# Building pens with nail guns - nails too long? Staples?



## Rectifier (Jun 12, 2011)

I finally did it, I bought a nailing compressor and guns so that I can put that pesky hammer down!
So far I'm pretty impressed with the framing nailer and how easy and fast it is to put up boards and panels etc.

My only issue is that it can't shoot nails that are < 2" long. I am planning to build a bunch of sheep panels this year like these so that I can rearrange my barn on the fly for lambing:
http://www.cps.gov.on.ca/english/sh4000/sh4831.htm

using 1x4 or 1x6 lumber, that means the sharp ends would be sticking out and that's the last thing I need in the barn.

I got the guns as a kit including framing, finish, brad and staple guns. I'm wondering if any of these other types of nails will do the job and not just pull right out.
I'm sure the brad and finish nails will just rip out, kind of leaning towards the stapler as it can fire 18ga 1 1/4" long staples, which I think I have seen used on pallets to pretty good effect?


----------



## jwal10 (Jun 5, 2010)

I used to have panels like those, I liked to put doubled uprights on the end. Make sure both uprights are in place and nail from one side, then turn the panel over and nail the other side. Held much better and was a lot stiffer. I used all 1"x4"s....James


----------



## MushCreek (Jan 7, 2008)

You could turn them over and bend over the points. They'll never come apart that way.


----------



## MDKatie (Dec 13, 2010)

We always bend the points over when we have to use too-long nails.


----------



## Rectifier (Jun 12, 2011)

Yeah I guess I could just bend them over but that kind of defeats the point of using the gun to shoot them in!
Maybe the doubled uprights would do the trick though and make the panels sturdier as mentioned.


----------



## wy_white_wolf (Oct 14, 2004)

3 x 3/4" = 2.25"

Sounds just right for 2" ring shanks. Either double up all the uprights as Jwal10 suggested or use 2" material for the uprights.

WWW


----------



## GarrettandKaty (Jun 26, 2013)

Another option is to get a palm nailer, this would let you use whatever nail you like and not have to swing the hammer over and over. Unfortionatly it would mean spending more on another tool, Harbor freight has affordable palm nailers available.


----------



## RonM (Jan 6, 2008)

Clinch them over, or shoot them in at a sharp angle, but not skimp in the nails as it would compromise the integrity of the building......


----------



## jwal10 (Jun 5, 2010)

IF you do clinch the nails, do it with the grain, making sure to bend the nail at or below the surface so it doesn't drive the nail back making the boards loose. Clinched nails, many times, after years of use and shrinking wood will protrude and become a catch place for clothes and skin. I liked the smaller "finish" ring shank nails, not the common size with thicker shanks and heavy heads. Nailing from both sides and double end boards, sandwiching the horizontal boards makes a strong panel. I found I didn't need a brace board. On longer panels, I would use a shorter vertical in the middle, only covering the bottom 4 boards on a 5 board panel, saved some weight....James


----------



## simi-steading (Sep 27, 2012)

OK.. here's the post that isn't like the others.. the guy that throws a wrench in it..

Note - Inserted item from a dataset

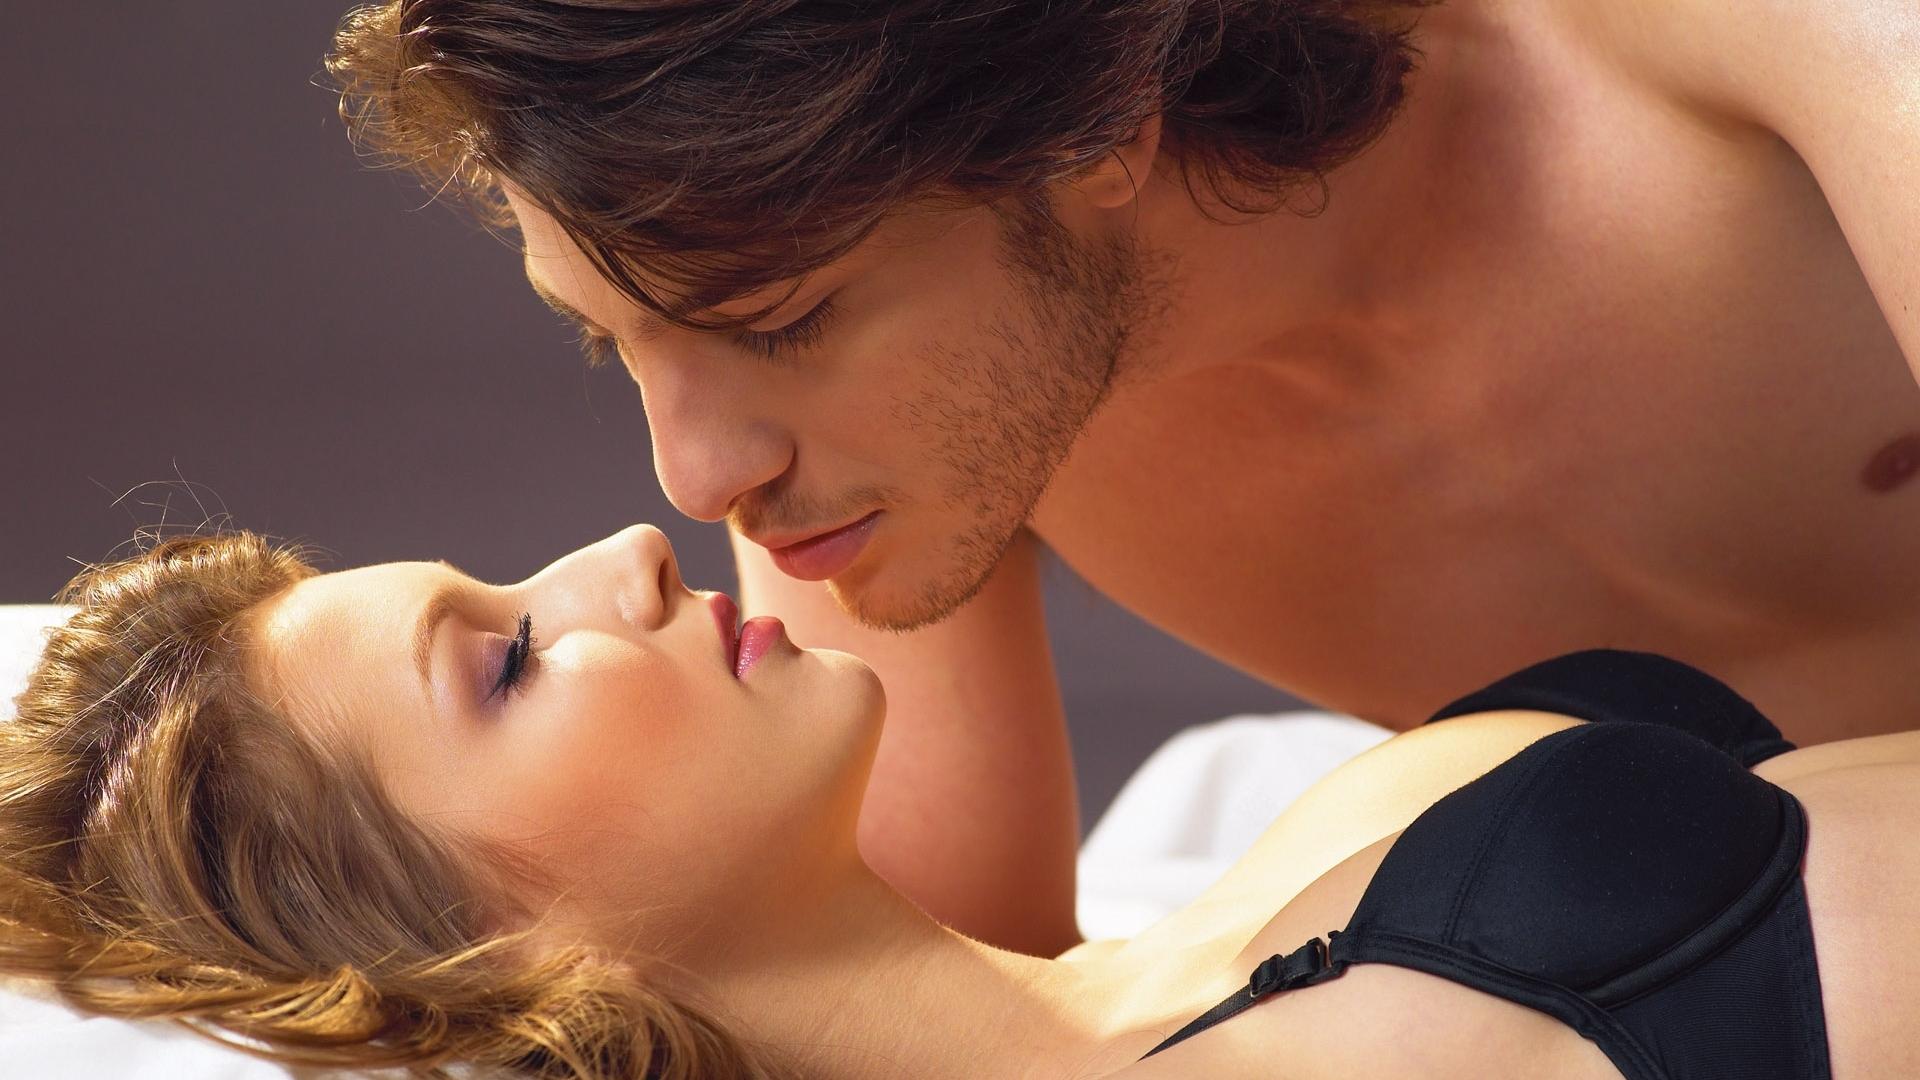 Поцелуи мужчин видео #3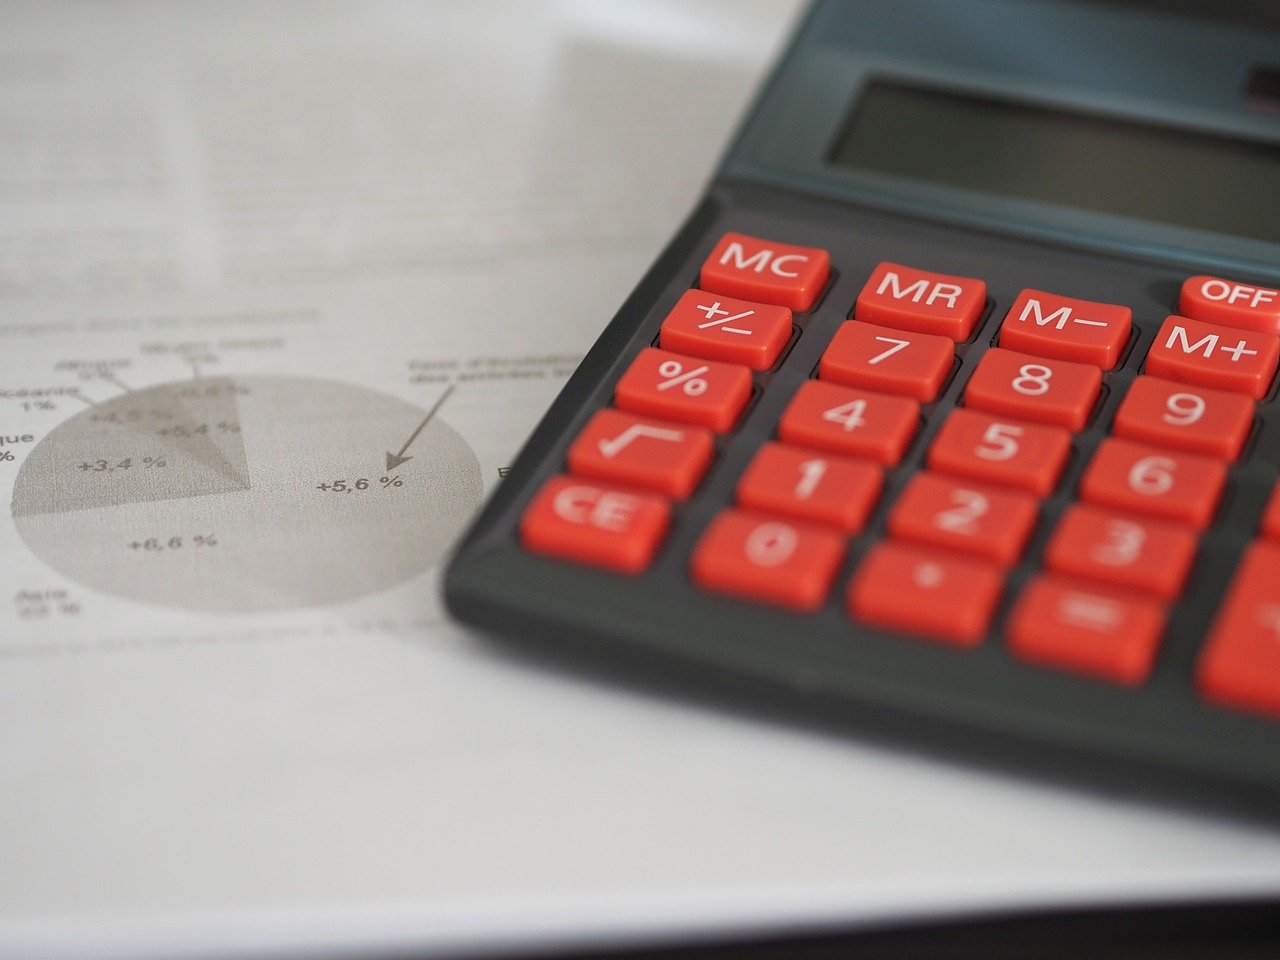 Φορολογικές δηλώσεις 2021: Μέχρι πότε μπορούν να υποβάλλονται στο Taxisnet – Η διαδικασία

I've left nails behind and only use screws for everything now... I've been using Grip-Rite brand for all my building needs... 

You can get them in almost any 1/4" size variant you need.. 

Holds so much better than nails, and it's really easy to back the screws out if you ever want to take the item apart..


----------



## Guest (Mar 19, 2014)

simi-steading said:


> OK.. here's the post that isn't like the others.. the guy that throws a wrench in it..
> 
> I've left nails behind and only use screws for everything now... I've been using Grip-Rite brand for all my building needs...
> 
> ...


Started to post same thing but didn't .


----------



## logbuilder (Jan 31, 2006)

simi-steading said:


> OK.. here's the post that isn't like the others.. the guy that throws a wrench in it..
> 
> I've left nails behind and only use screws for everything now... I've been using Grip-Rite brand for all my building needs...
> 
> ...


I too use screws quite a lot. I really like the ones with the star heads. I've never had one strip.


----------



## simi-steading (Sep 27, 2012)

logbuilder said:


> I too use screws quite a lot. I really like the ones with the star heads. I've never had one strip.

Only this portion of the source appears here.